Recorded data
════════════════
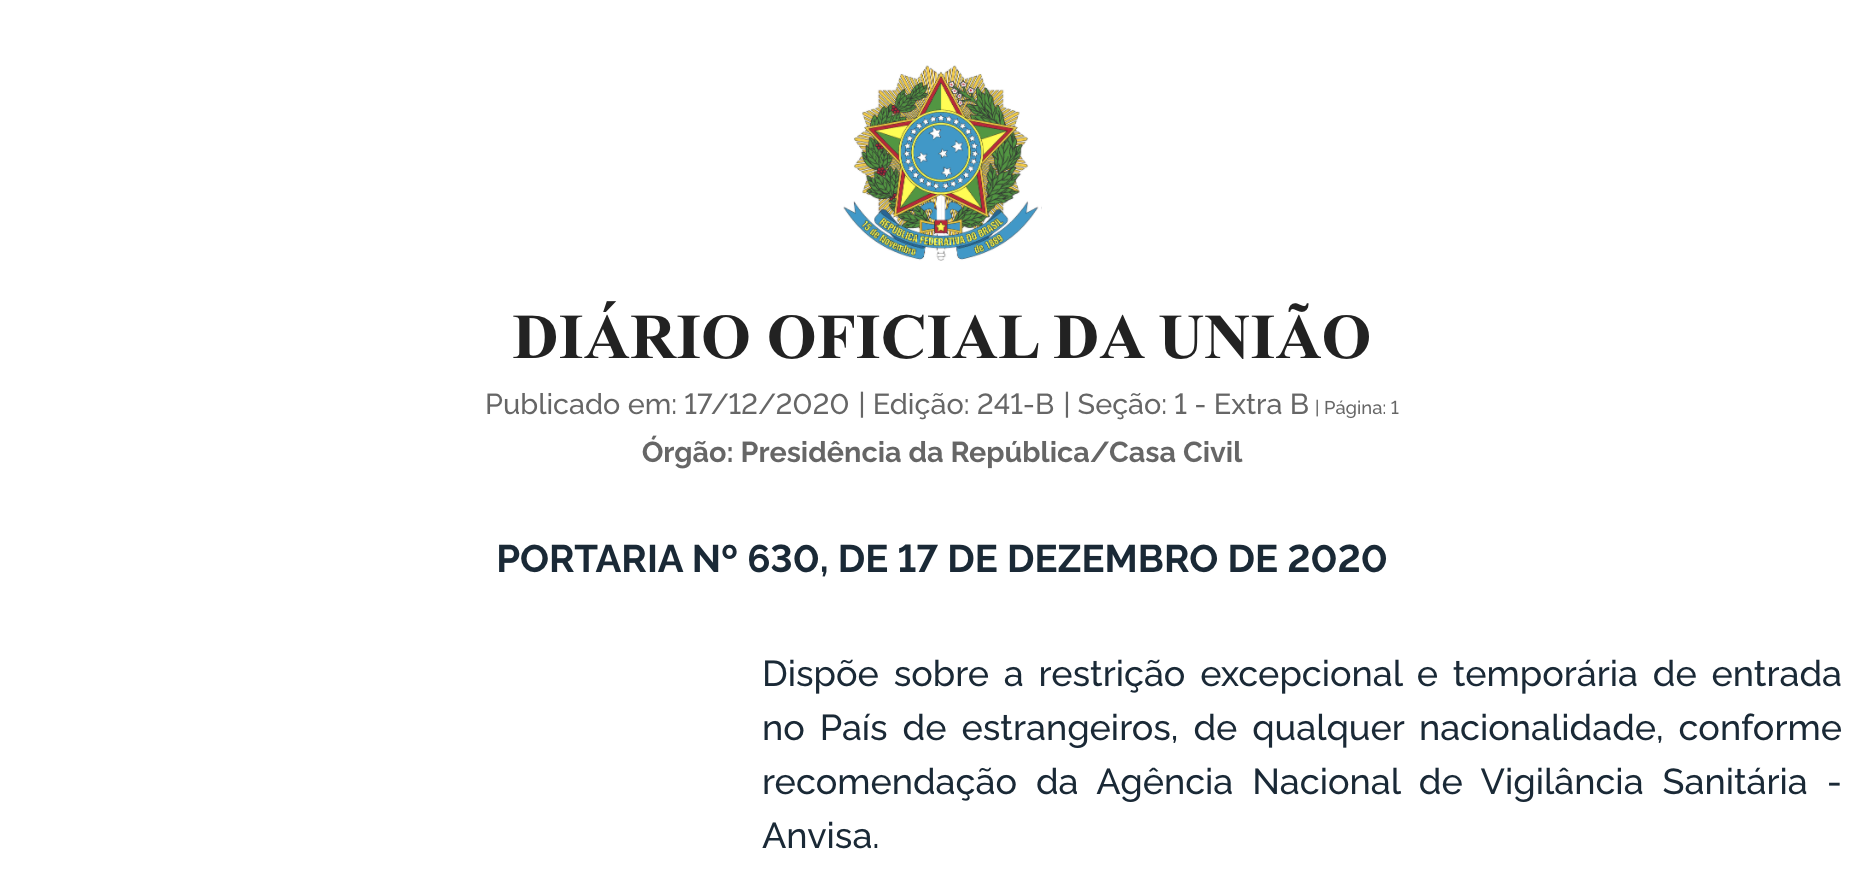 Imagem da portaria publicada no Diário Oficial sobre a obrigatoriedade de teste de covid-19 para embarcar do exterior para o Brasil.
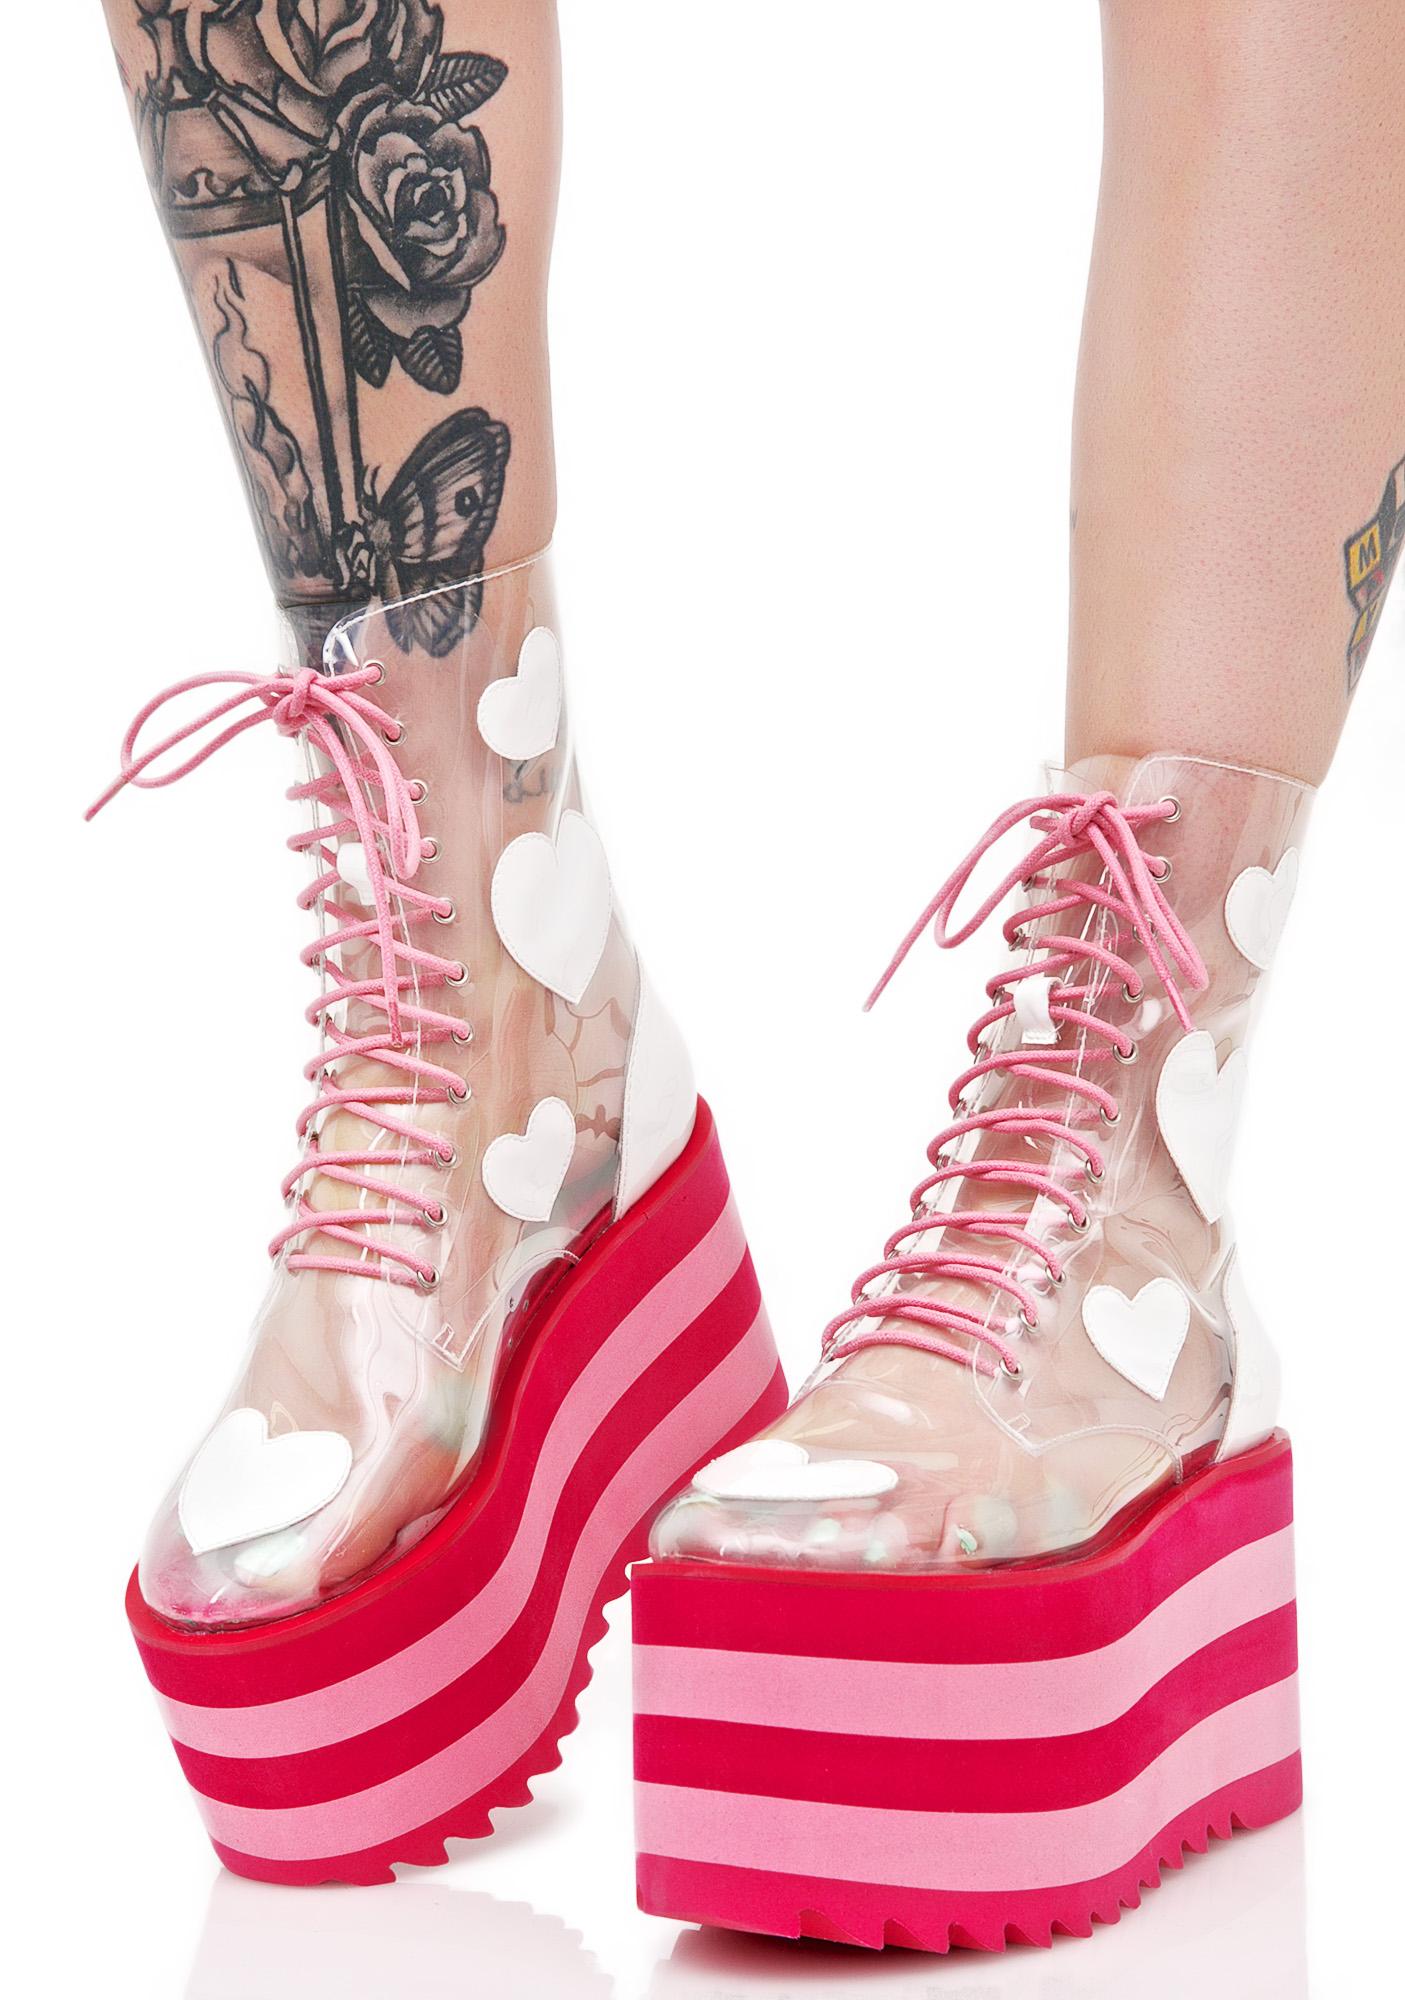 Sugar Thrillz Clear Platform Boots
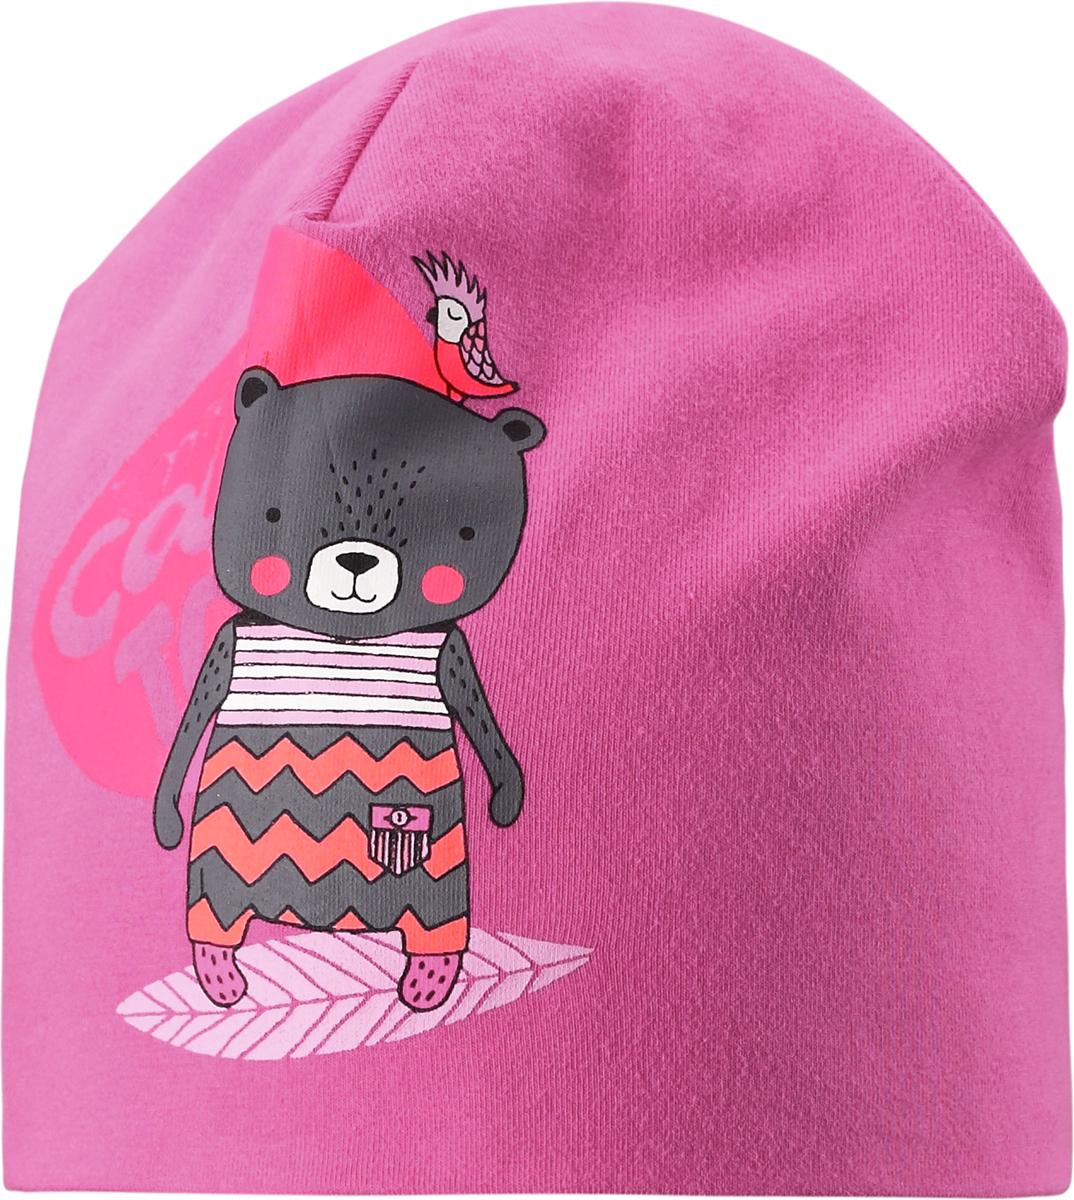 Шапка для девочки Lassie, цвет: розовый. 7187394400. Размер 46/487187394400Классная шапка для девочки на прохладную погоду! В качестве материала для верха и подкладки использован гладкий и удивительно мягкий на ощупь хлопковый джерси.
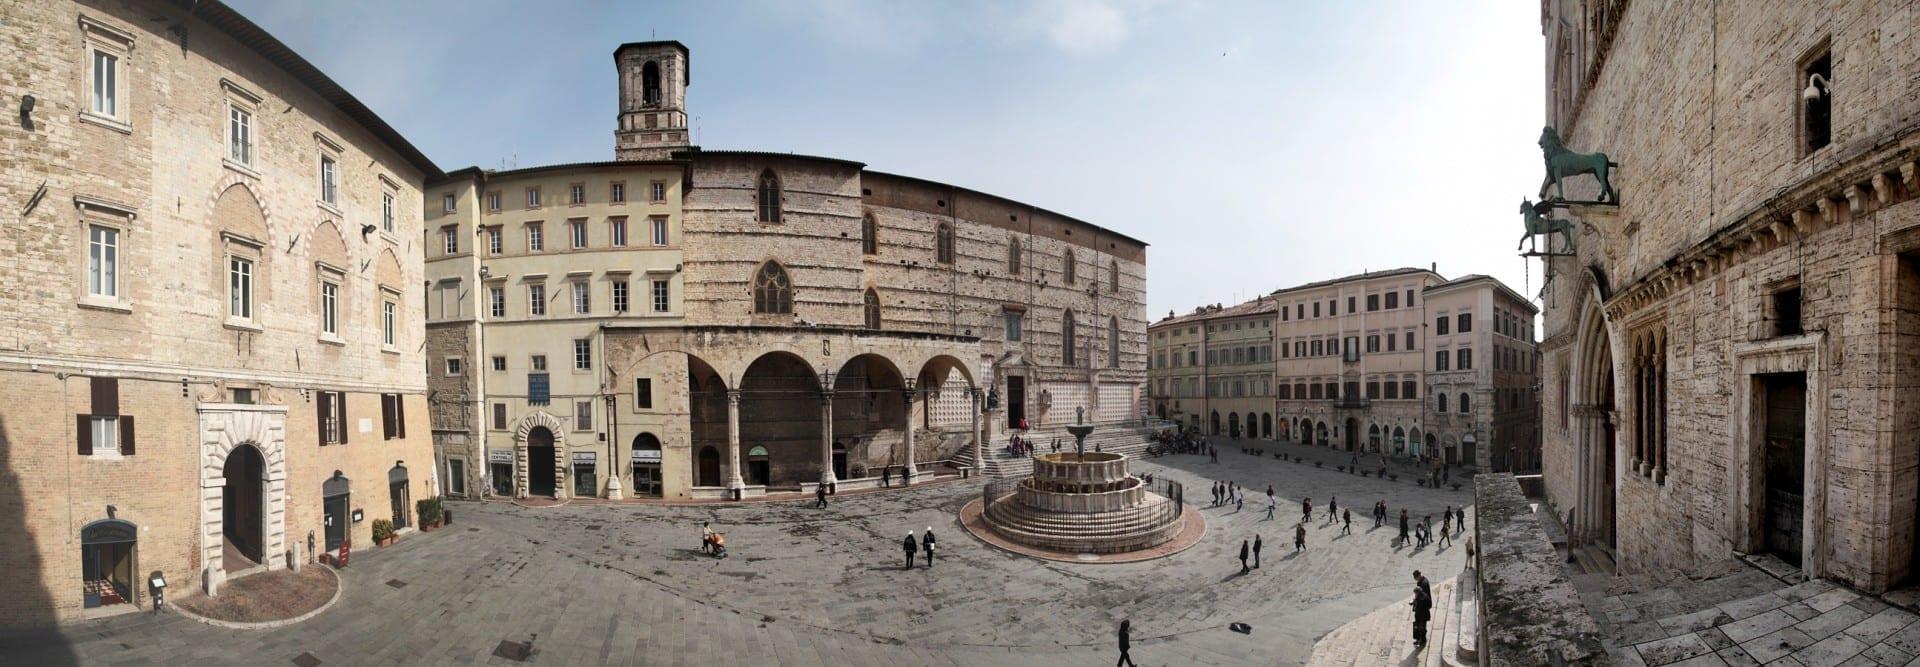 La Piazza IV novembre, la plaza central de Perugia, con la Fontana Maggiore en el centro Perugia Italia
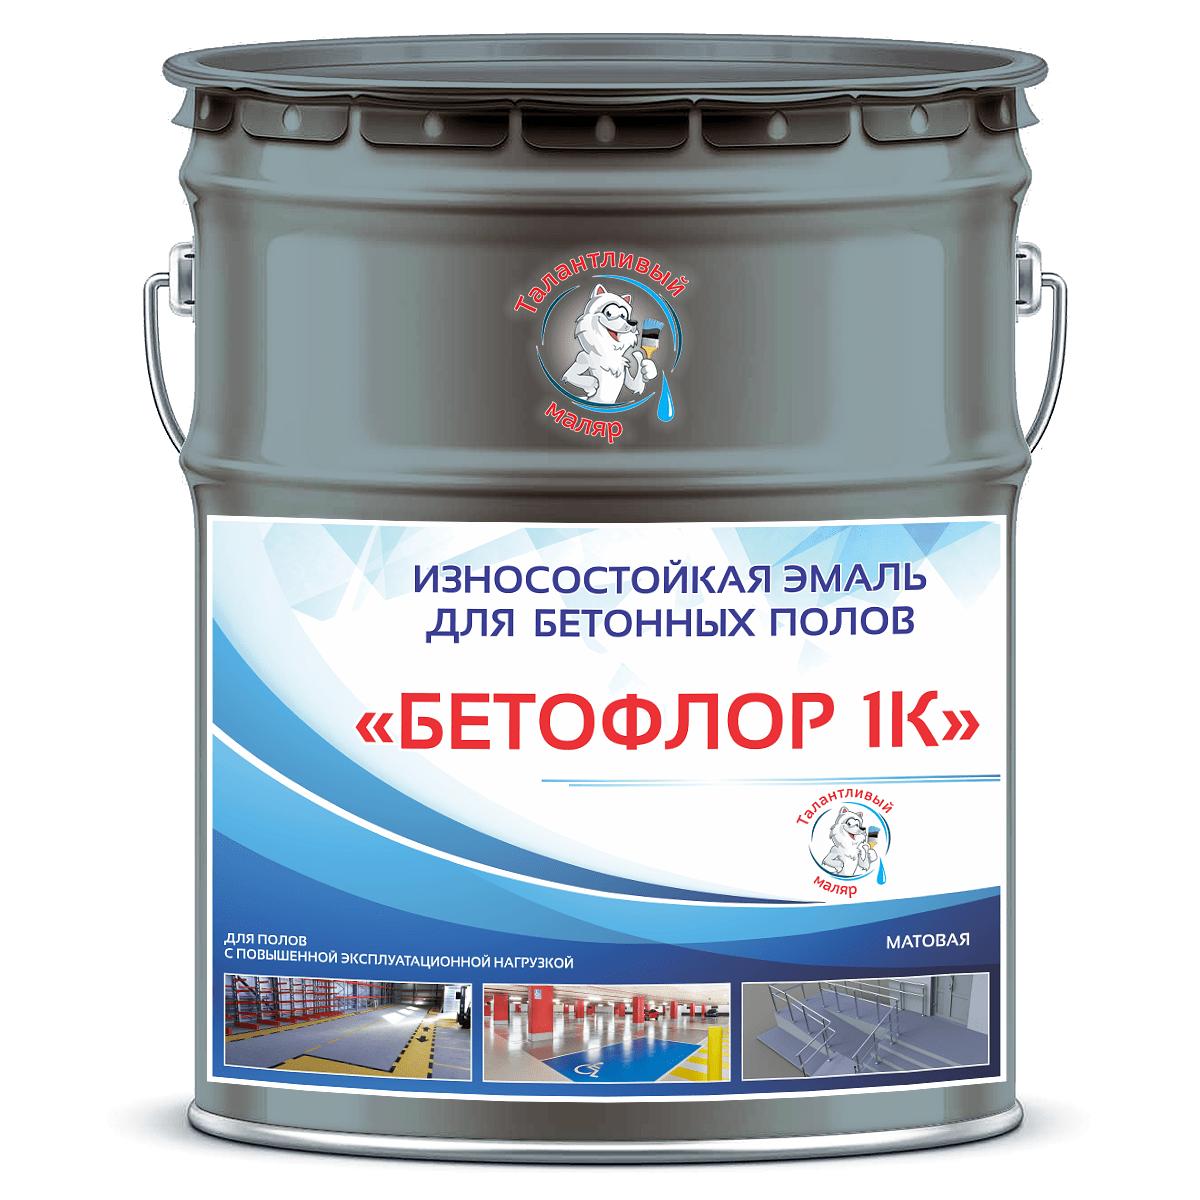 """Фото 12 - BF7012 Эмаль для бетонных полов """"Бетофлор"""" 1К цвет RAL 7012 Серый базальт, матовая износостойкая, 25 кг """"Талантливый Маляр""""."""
════════════════
From the first line to the last, repeat the records exactly and skip the pictures.

Your solution:
 Imagem da portaria publicada no Diário Oficial sobre a obrigatoriedade de teste de covid-19 para embarcar do exterior para o Brasil.
 Sugar Thrillz Clear Platform Boots
 Шапка для девочки Lassie, цвет: розовый. 7187394400. Размер 46/487187394400Классная шапка для девочки на прохладную погоду! В качестве материала для верха и подкладки использован гладкий и удивительно мягкий на ощупь хлопковый джерси.
 La Piazza IV novembre, la plaza central de Perugia, con la Fontana Maggiore en el centro Perugia Italia
 """Фото 12 - BF7012 Эмаль для бетонных полов """"Бетофлор"""" 1К цвет RAL 7012 Серый базальт, матовая износостойкая, 25 кг """"Талантливый Маляр""""."""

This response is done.